I will be using this guide here: https://colab.research.google.com/github/NielsRogge/Transformers-Tutorials/blob/master/TrOCR/Fine_tune_TrOCR_on_IAM_Handwriting_Database_using_Seq2SeqTrainer.ipynb

How to build my image dataset: https://huggingface.co/docs/datasets/en/image_dataset

In [None]:
from datasets import Dataset
import pandas as pd

images_df = pd.read_csv("images/metadata.csv")
images_ds = Dataset.from_pandas(images_df)
images_df

In [None]:
from transformers import TrOCRProcessor, VisionEncoderDecoderModel

model_name = "microsoft/trocr-base-printed"
processor = TrOCRProcessor.from_pretrained(model_name)
model = VisionEncoderDecoderModel.from_pretrained(model_name)

In [None]:
from PIL import Image
from pathlib import Path
import torch

def create_image_and_process_text(item):
    file_name = item["file_name"]
    text = item["text"]

    file_path = Path("images") / file_name

    image = Image.open(file_path).convert("RGB")
    
    pixel_values = processor(image, return_tensors="pt").pixel_values
    pixel_values = pixel_values.squeeze()
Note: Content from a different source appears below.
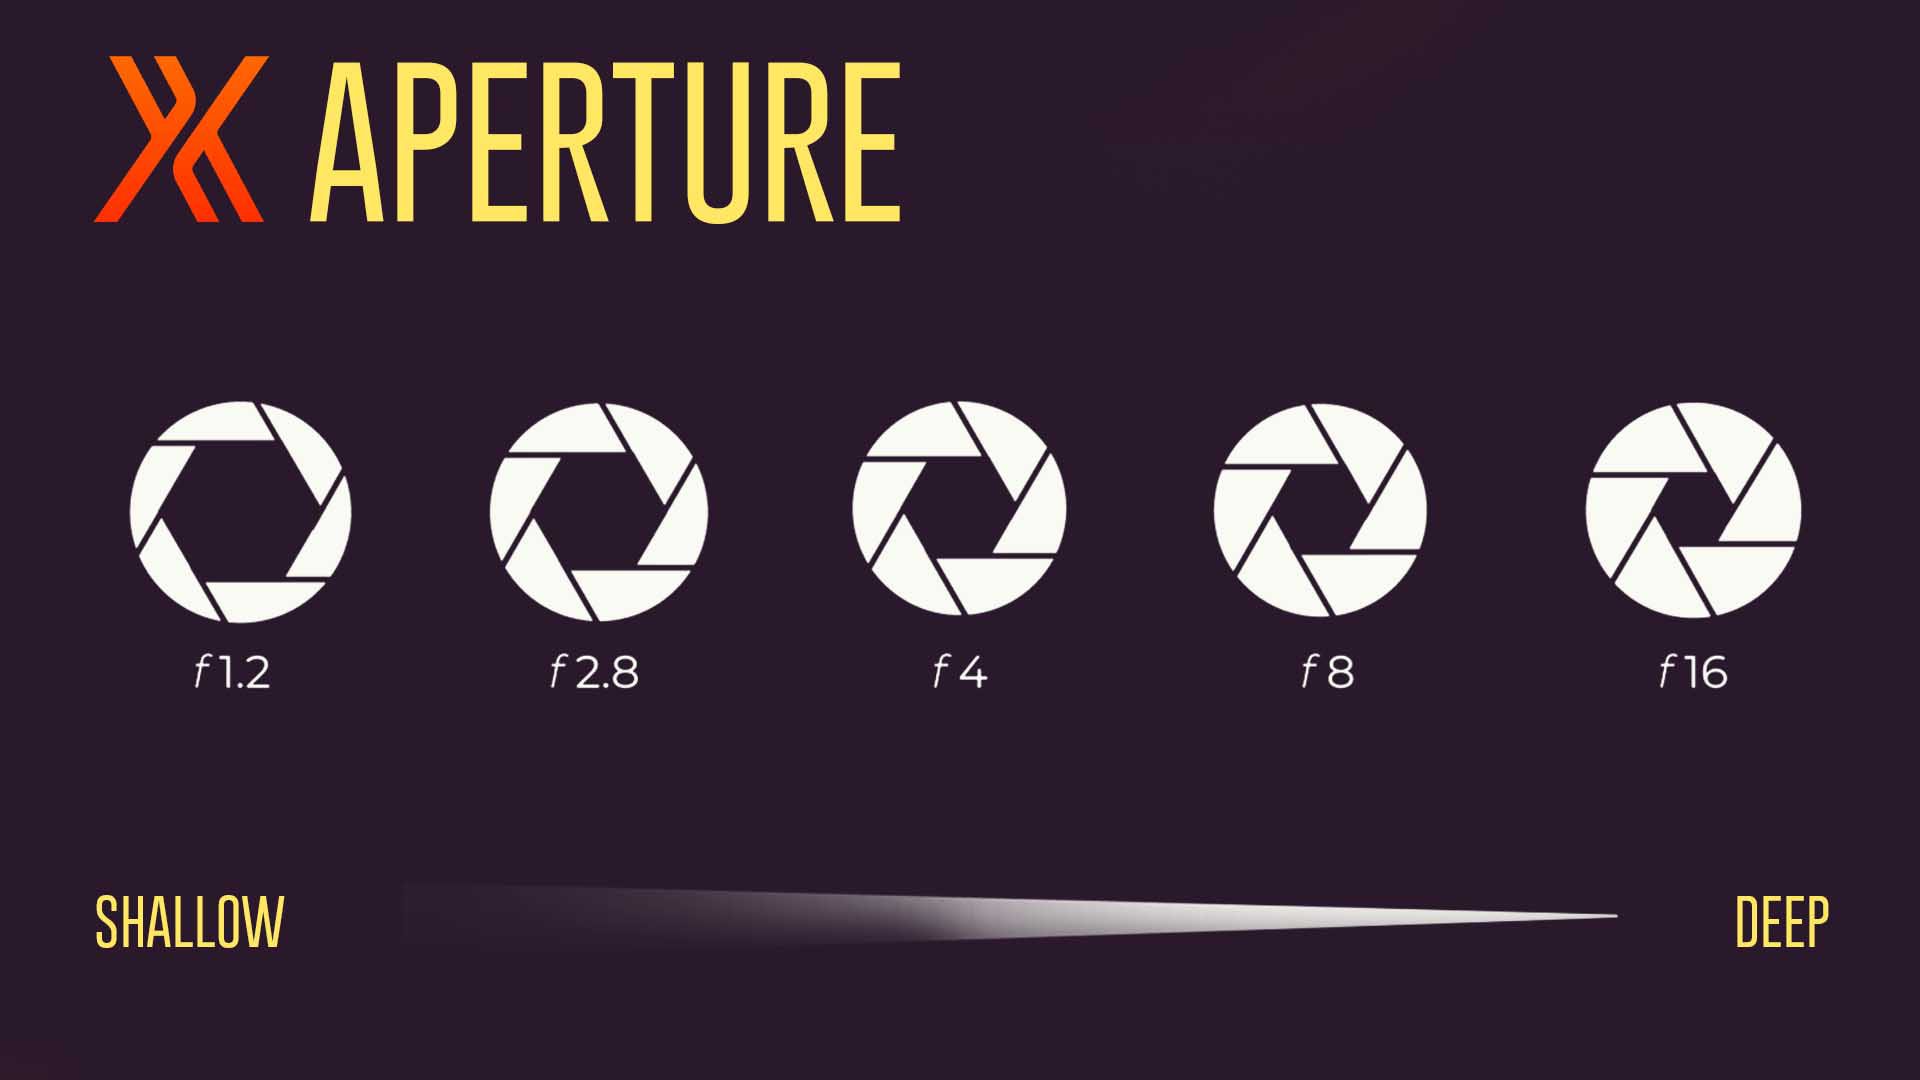 What is aperture infographic
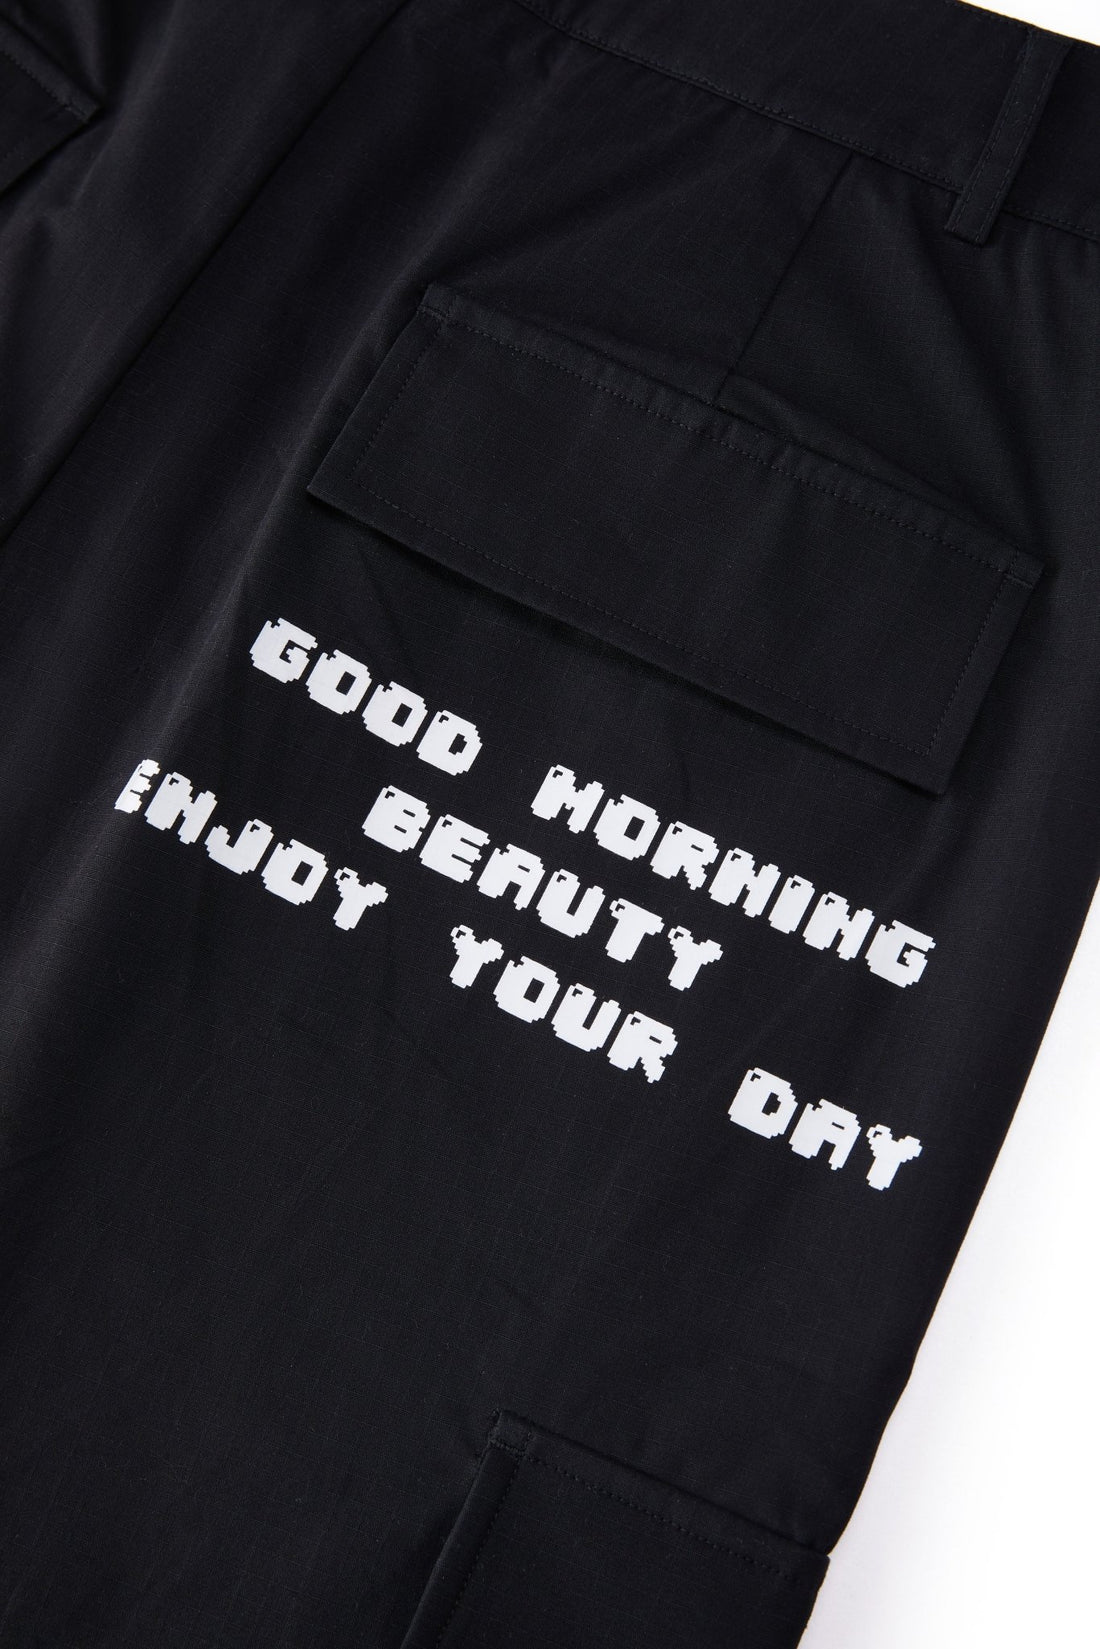 GOOD MORNING BEAUTY SHORTS BLACK Acupuncture

    labels = processor.tokenizer(text, padding="max_length", max_length=16).input_ids
    labels = torch.tensor(labels)

    encoding = { "pixel_values": pixel_values, "labels": labels }
    return encoding

In [None]:
inout_images_ds = images_ds.map(create_image_and_process_text, remove_columns=["file_name", "text"]) 

In [None]:
from operator import itemgetter

train_test_ds = inout_images_ds.train_test_split()
train_dataset, eval_dataset = itemgetter("train", "test")(train_test_ds)
train_dataset, eval_dataset

In [None]:
model.config.decoder_start_token_id = processor.tokenizer.cls_token_id
model.config.pad_token_id = processor.tokenizer.pad_token_id

model.config.vocab_size = model.config.decoder.vocab_size
model.config.eos_token_id = processor.tokenizer.sep_token_id

# model.config.max_length = 64
# model.config.early_stopping = True
# model.config.no_repeat_ngram_size = 3
# model.config.length_penalty = 2.0
# model.config.num_beams = 4

In [None]:
from transformers import Seq2SeqTrainer, Seq2SeqTrainingArguments

training_args = Seq2SeqTrainingArguments(
    predict_with_generate=True,
    num_train_epochs=10,
    evaluation_strategy="epoch",
    per_device_train_batch_size=1,
    per_device_eval_batch_size=1,
    # fp16=True, 
    output_dir="./",
    # logging_steps=2,
    # save_steps=1000,
    # eval_steps=200,
    report_to="none",
)

In [None]:
from evaluate import load

cer_metric = load("cer")

In [None]:
def compute_metrics(pred):
    labels_ids = pred.label_ids
    pred_ids = pred.predictions
    
    pred_str = processor.batch_decode(pred_ids, skip_special_tokens=True)
    label_str = processor.batch_decode(labels_ids, skip_special_tokens=True)

    print(pred_str, label_str)

    cer = cer_metric.compute(predictions=pred_str, references=label_str)

    return { "character_error_rate": cer }

In [None]:
from transformers import default_data_collator

# instantiate trainer
trainer = Seq2SeqTrainer(
    model=model,
    tokenizer=processor.feature_extractor,
    args=training_args,
    compute_metrics=compute_metrics,
    train_dataset=train_dataset,
    eval_dataset=eval_dataset,
    data_collator=default_data_collator,
)

In [None]:
trainer.train()